Questions of Fact Precluded Dismissal Based on a Release Where the Release Allegedly Was Procured Through Economic Duress

On April 29, 2026, the Second Department issued a decision in Karp v. Madison Realty Capital, L.P., 2026 NY Slip Op. 02637, holding that questions of fact precluded dismissal based on a release where the release allegedly was procured through economic duress, explaining:

Generally, a valid release constitutes a complete bar to an action on a claim which is the subject of the release. A release may be invalidated, however, for any of the traditional bases for setting aside written agreements, namely, duress, illegality, fraud, or mutual mistake. In addition, a release may be set aside on the ground that it was not fairly and knowingly made. This basis for setting aside a release may be applied in situations falling far short of actual fraud such as when, because the releasor has had little time for investigation or deliberation, or because of the existence of overreaching or unfair circumstances, it was deemed inequitable to allow the release to serve as a bar to the claim of an injured party. Although a defendant has the initial burden of establishing that it has been released from any claims, a signed release shifts the burden going forward to the plaintiff to show that there has been fraud, duress or some other fact which will be sufficient to void the release.

In resolving a motion to dismiss pursuant to CPLR 3211(a)(5), the plaintiff’s allegations are to be treated as true, and all inferences that reasonably flow therefrom are to be resolved in his or her favor.

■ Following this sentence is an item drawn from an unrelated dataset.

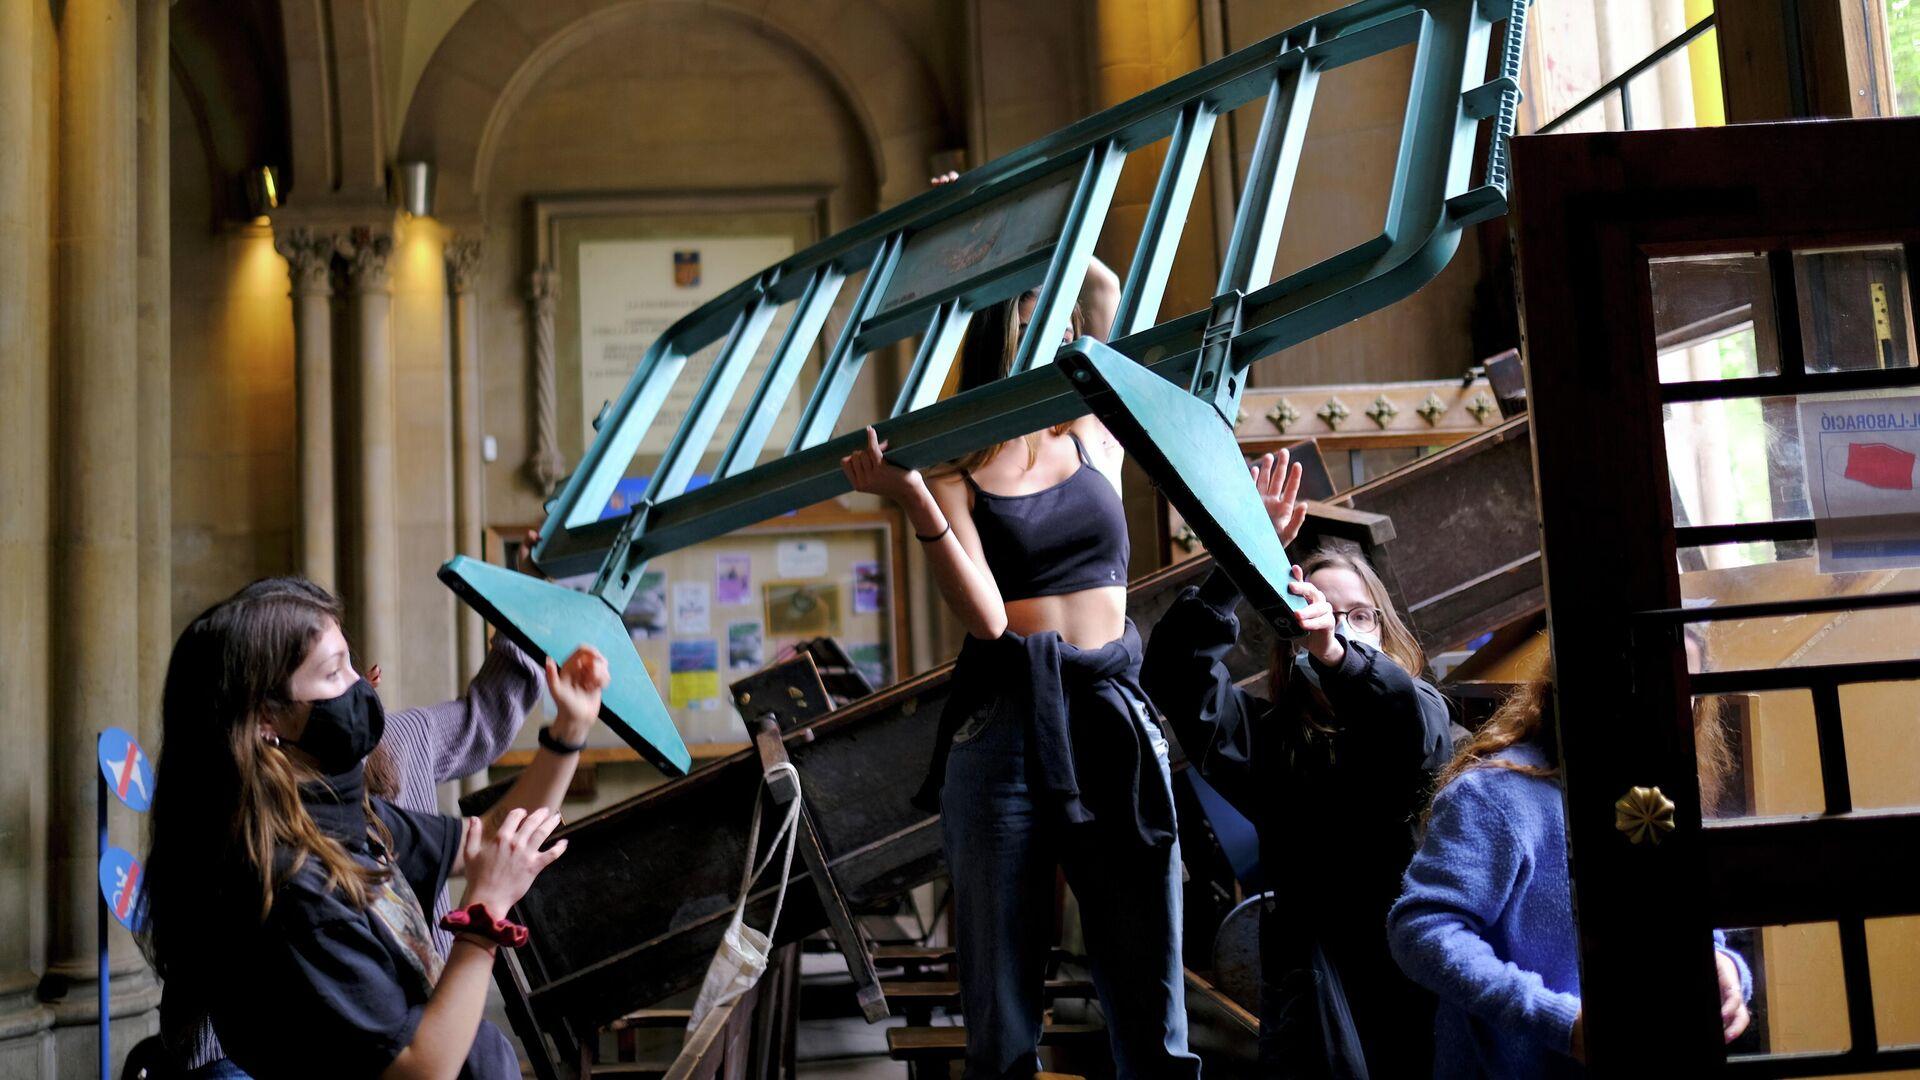 Unos estudiantes protestan en la Universidad de Barcelona por la crisis educativa, el 20 de abril de 2021 - Sputnik Mundo, 1920, 21.04.2021

Here, in support of their motion, the defendants submitted, inter alia, a copy of the forbearance agreement signed by the plaintiff Eli Karp, which contained a waiver and release clause (hereinafter the release). The plaintiffs’ allegations were sufficient, however, to raise a question of fact as to whether the release was obtained under circumstances that indicate unfairness and whether the release was not fairly or knowingly given. Specifically, the plaintiffs alleged that as part of the loan to own scheme, the defendants created economic pressure in order to place the plaintiffs in a position where they had to enter into the forbearance agreement to avoid foreclosure and that the plaintiffs’ attorney participated in this scheme by providing the plaintiffs with only signature pages of the closing documents and failing to discuss or explain the release. Accordingly, the Supreme Court should have denied those branches of the defendants’ motion which were pursuant to CPLR 3211(a)(5) to dismiss the causes of action to recover damages for breach of contract and breach of the covenant of good faith and fair dealing.

(Internal quotations and citations omitted).